过了会,她觉得气氛过于凝重。“哎呀,你怎么扯那么远,我又没问这些。”

有点答非所问了吼。

可是心底却在听到这些后,暖洋洋的。

墨以峥笑了笑。“但这些都是我想与你说的。”

“你腿伤未痊愈,别站太久,还是早些回去罢。”

凌菀菀瞅这大太阳,不是谁都能受那么久的直晒,但墨以峥与底下操练的士兵同心,所以愿意干站着陪。

“你回去,结束了我便来”。

“那我陪你一起。”女孩撇撇嘴,倔强的留下来。

但她这小身板哪受得住,半小时没到就觉得脚板底站得发麻,喉咙也干热难耐。

最终墨以峥拗不过她,只好答应今天的操练换成校尉来监督带领。

回到室内,邱绍按时来给换药。

凌菀菀在旁看着他解开墨以峥腿上的纱布,饶是那样见过各种血腥场面的人,也不禁蹙眉叹息。

邱绍语气像老妈子似的道:“将军,还望您下回能惜命一点,我不能保证每次手术治疗都能成功。”

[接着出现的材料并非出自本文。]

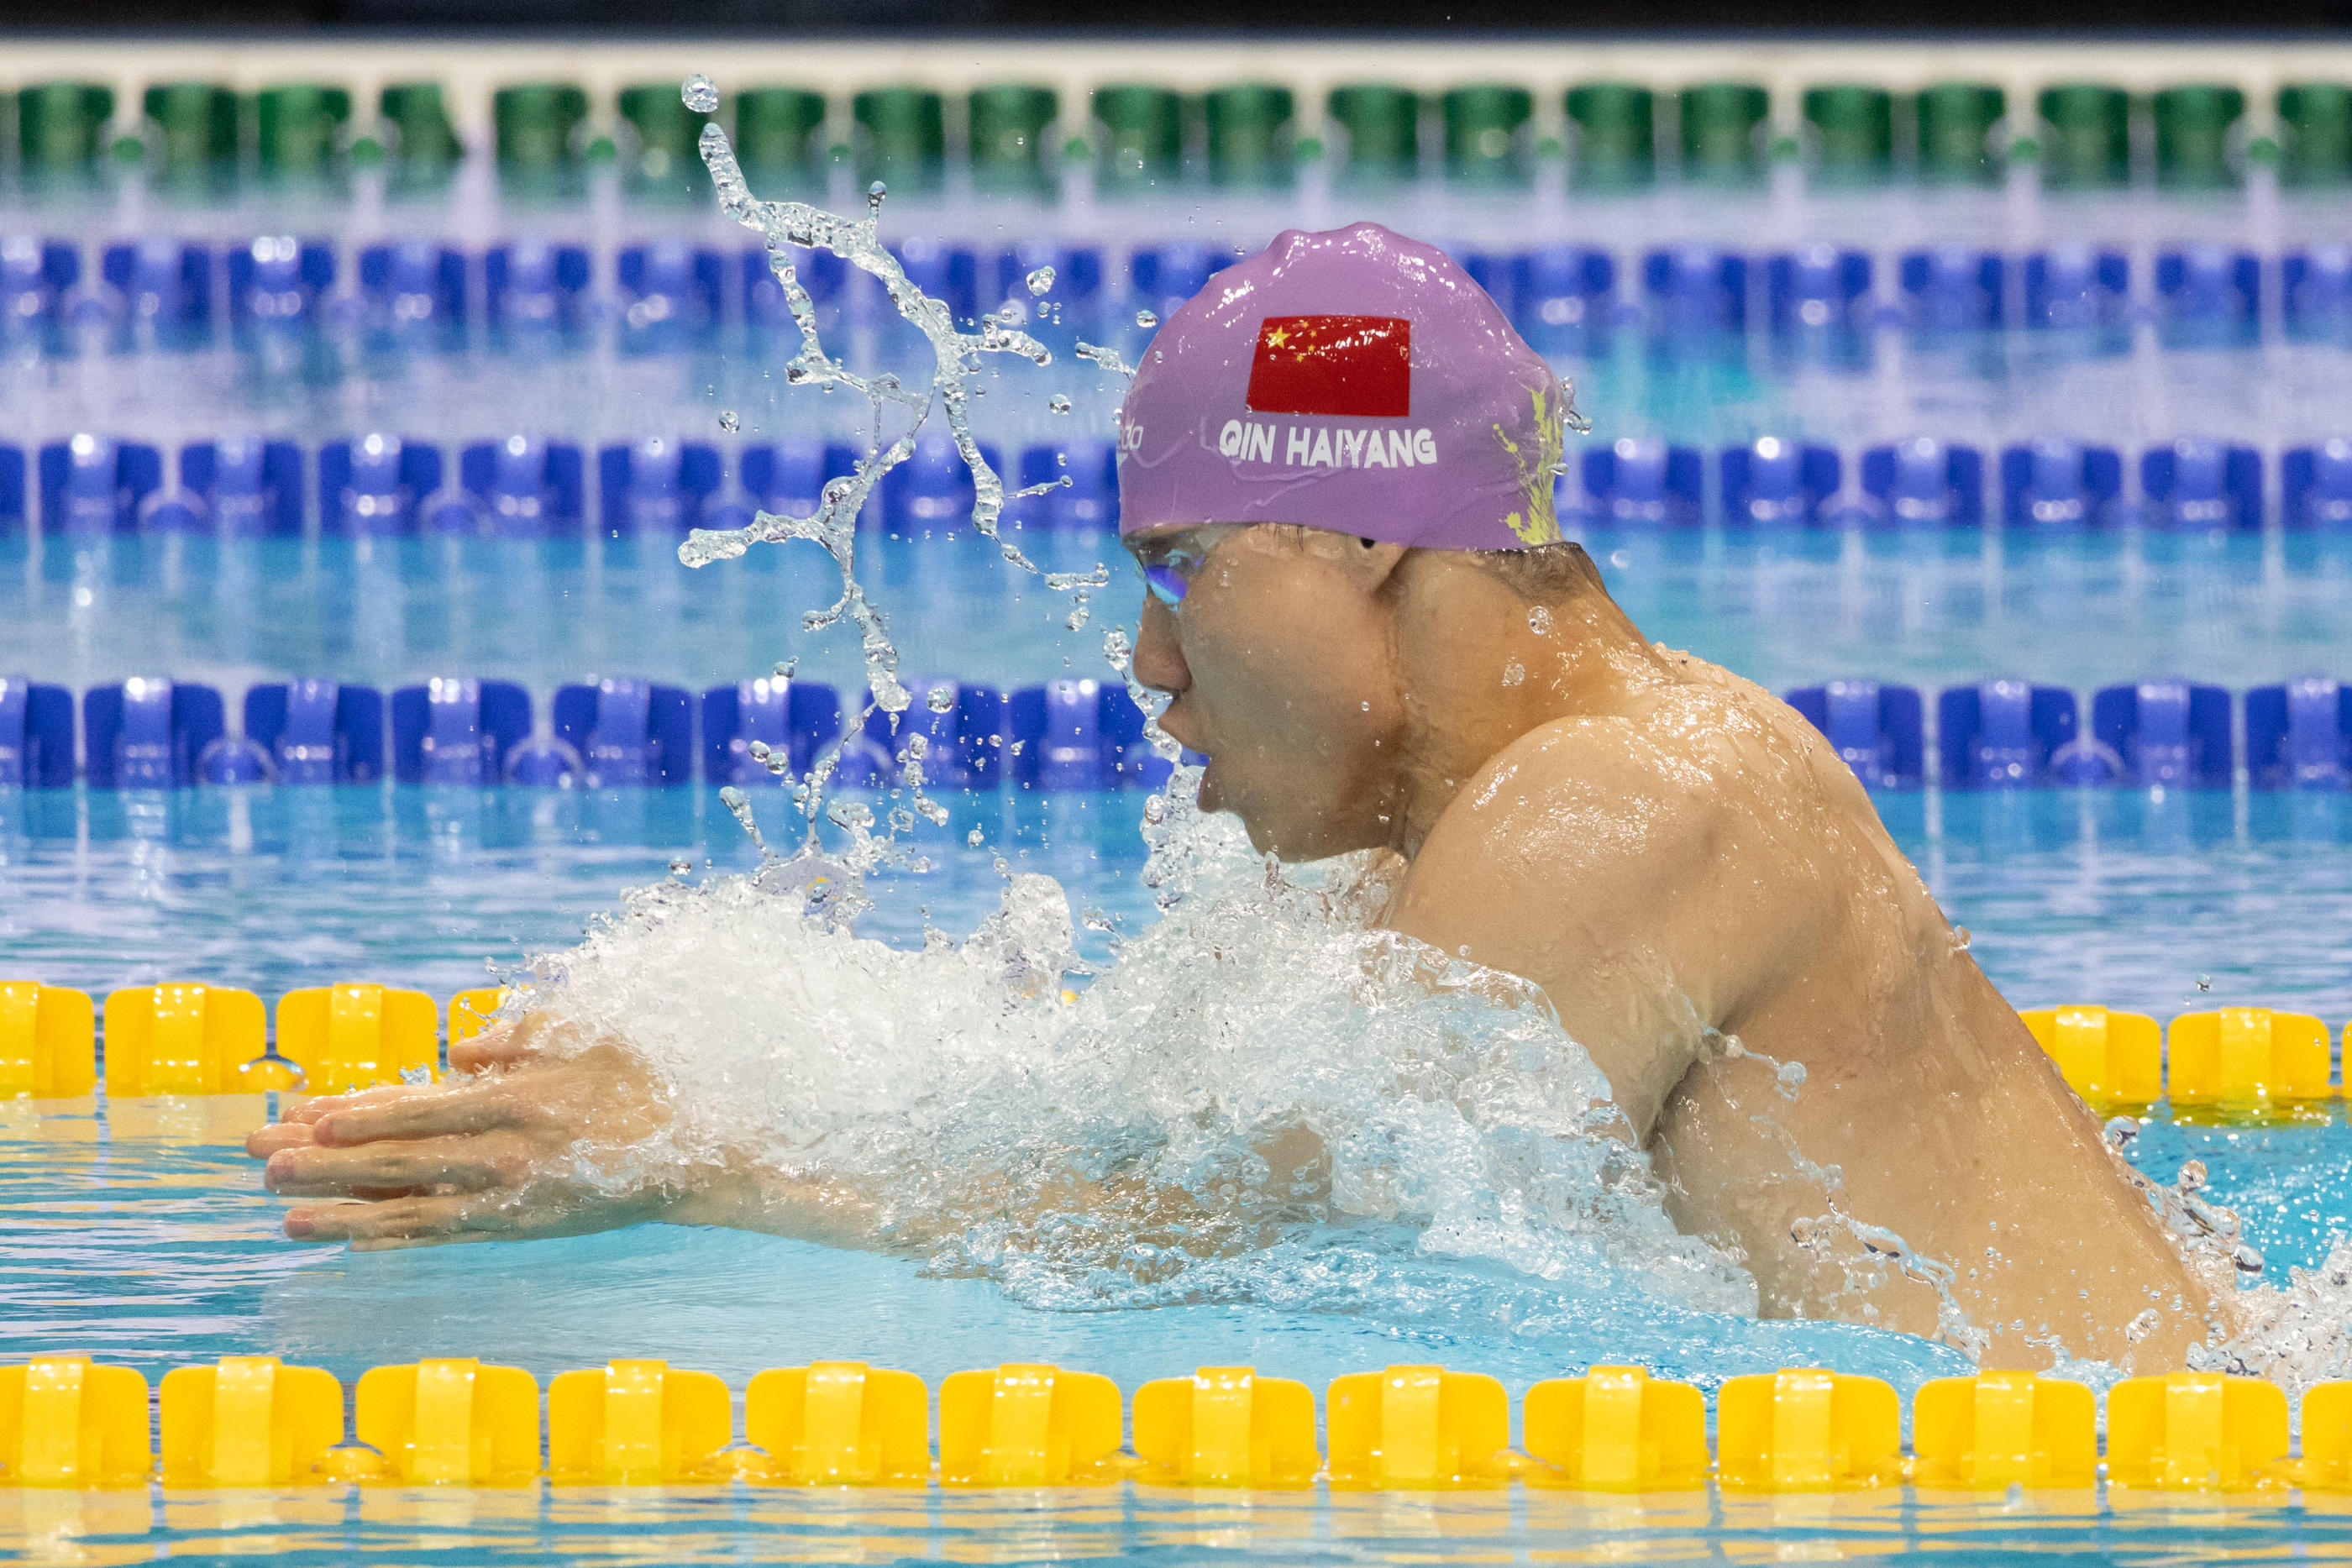 Elu nageur de l'année en 2023 après son record du monde du 200m brasse, le Chinois Qin Haiyang fait partie des nageurs concernés. Photo by Icon sport

男人丝毫不怪罪他的顶撞,慢悠悠的回:“邱大夫不必谦虚,你的技术我很信任。下次请继续。”

“那将军就拭目以待吧。”

邱绍收拾好药箱,看向憋笑看戏的凌菀菀。“夫人,监督他把药都喝完。”

“放心吧邱大夫,保证完成任务!你慢走。”

送走邱绍,凌菀菀端着滚烫的药碗坐下,用嘴吹凉。

等到差不多,勺起喂到墨以峥唇边。

“苦。”某人压低声线,眸光哀怨。

“快喝,不然我不好给邱绍交差。”

“那你喂我。”

凌菀菀想说我这不是喂着你吗,但发现墨以峥视线不在勺上,而且落在自己说话的唇上。

得寸进尺,意思显然。

“你苦我就不苦?”她没好气的翻个白眼。

墨以峥讨不到甜头,心情不爽,但还是听话的喝了干净。

宋祁来到帐外,有事汇报。

得到准许后,他押着个男人走进来。

一脚下去,男子跪倒在地,疼的龇牙咧嘴。

“那我先出去。”凌菀菀向来不过问墨以峥的事,这次也自觉的收拾好东西打算离开。

“留下吧,没什么你不能知道的。”

她迈出去的脚步顿住,回身投以期待星星眼:“可以吗?”

“嗯。”

虽然以前不关心,这次凌菀菀也很想知道到底谁埋伏刺杀的墨以峥,于是乖巧坐下,同样板起脸审视面前男子。

“说,谁派你来的!”

电视剧里台词都这么演,估计不会出错吧?

凌菀菀严肃说完,侧头看墨以峥的反应。

很好,嘴角微微上扬,那就是没错。

“哑巴了?将军夫人在问你话!”宋祁又是一脚踢在罪犯脊骨,听的嘎吱脆响。

“将军,此人姓梁名生,并非凌江河边住民,查过身份是个孤儿。”

“孤儿?”

“不仅他是,那夜刺杀的队伍中活抓回来的,大多数自幼流浪,居无定所,给钱就卖命。”

“那就是雇佣的死兵。”墨以峥冷笑。

签订了生死契约卖命,成则活,败则死。

这种人叫做死兵,是雇主最喜欢找的暗杀者,做事利落,最重要是查不出幕后。

梁生总算开了口,一副豁出去的无所谓,呲咧开的嘴脸渗出点点鲜血。

“要杀要剐!任凭处置!我是什么都不会说的!”

话音刚落,墨以峥刷的抽出身边暗格,从里头取出一枚银针,快而准备的射出。

梁生梗直脖子,闭眼迎接死亡。

那枚足以一针毙命的银针却并没有刺穿他的喉咙。

它在中途顺着弧线转弯,以高速落下,直接穿过梁生唇瓣。

将两片嘴唇串在了一起!

“拖下去,什么时候愿意说,什么时候取出来。”

凌菀菀原本以为墨以峥会严刑拷打一番逼供,没想到他比自己想象的还处事凌厉,干脆利落。

不说?

那爱说不说。

宋祁拖着满脸痛苦的梁生出了去,凌菀菀心有余悸的吞咽口水。

她想了想自己嘴皮子被串起来的画面,浑身抖了抖。

“将军,假如,我说假如!哪天你发现我背叛了你,也会这么,这么......”

“不会。”墨以峥打断她,幽幽的玩弄着她指头。

“本将对菀菀这么好,菀菀是不会背叛我的。嗯?”

最后的语调有压迫,有占有,有迷恋。

他果然是个占有欲极强的偏执霸道狂!

凌菀菀在心底无声呐喊。

-

宋祁说的没错,墨以峥的恢复能力不要太变态,在军营中休息几日,第四天便能正常走动了。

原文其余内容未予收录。